Si une action à haute énergie est essentielle pour expliquer pourquoi les blazars émettent des neutrinos, nous devrions voir assez facilement les résultats similaires résultant d'observations ou de galaxies étoilées et de sursauts gamma. Sinon, cela signifie qu'il y a quelque chose de beaucoup plus spécifique et excentrique avec les blazars que nous connaissons actuellement.

Et même si nous nous concentrons uniquement sur ce blazar, «ce n’est pas non plus une découverte en plaqué or», dit Blaufuss. Les scientifiques utilisent généralement un seuil de 5 sigma pour qualifier quelque chose de "découverte". Selon Blaufuss, les analyses de ces deux derniers articles sont des 3-sigma, ce qui signifie des "preuves", mais pas nécessairement des découvertes. Un niveau de 3 sigma signifie toujours que vous pouvez permettre une confiance assez élevée.
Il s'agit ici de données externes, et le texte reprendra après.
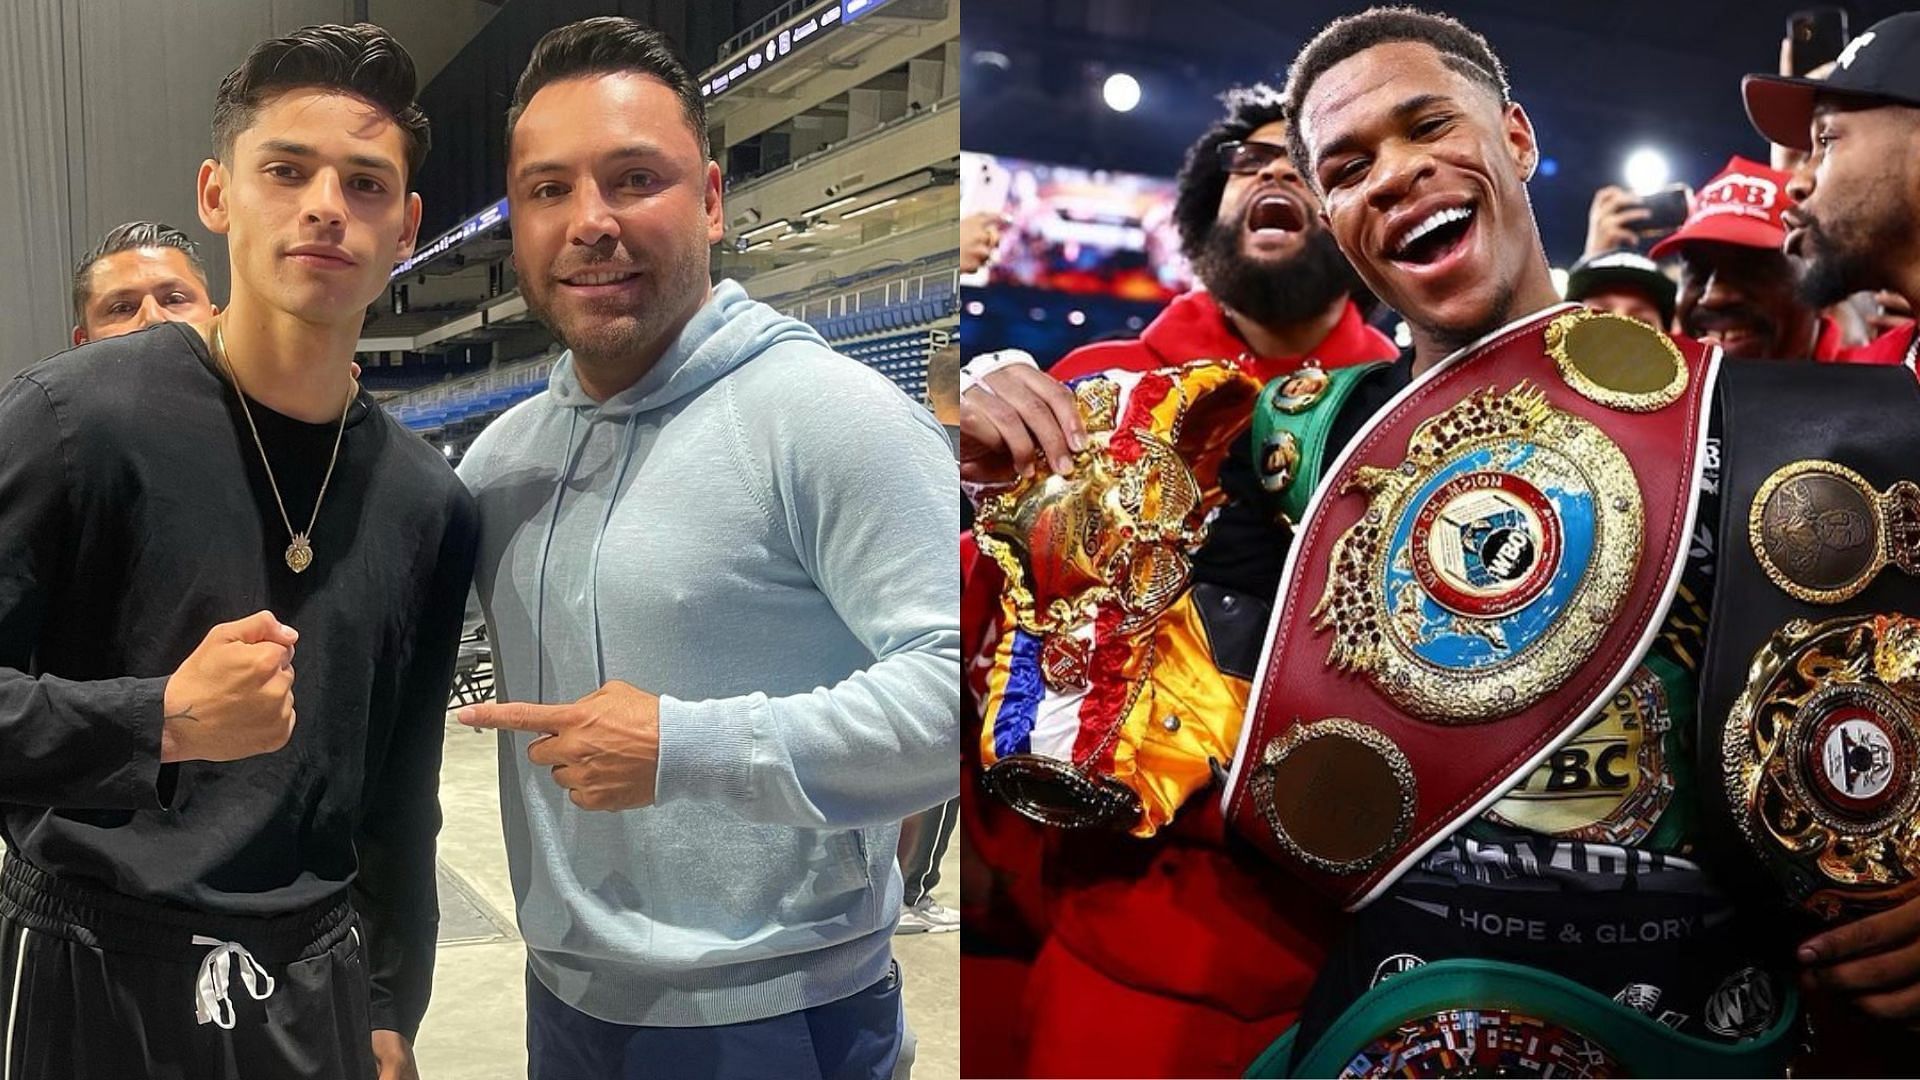 Ryan Garcia and Oscar De La Hoya (left - via Instagram @oscardelahoya) and Devin Haney (right - via Instagram @realdevinhaney)

Les résultats ne sont pas dus au hasard, mais en ce qui concerne la physique des particules, ce type de chance peut toujours créer des sentiments méfiants. Il est préférable d’accueillir les nouvelles découvertes avec un enthousiasme prudent.

Pour le moment, l’équipe profite également de ses efforts pour finalement porter ses fruits. "Faire une percée sur l'un des plus anciens problèmes en suspens en astronomie est passionnant", déclare Halzen. «C’est pour cela que IceCube a été conçu. Le fait que notre première source soit un blazar était quelque peu surprenant, mais on ne peut pas contester avec des faits. "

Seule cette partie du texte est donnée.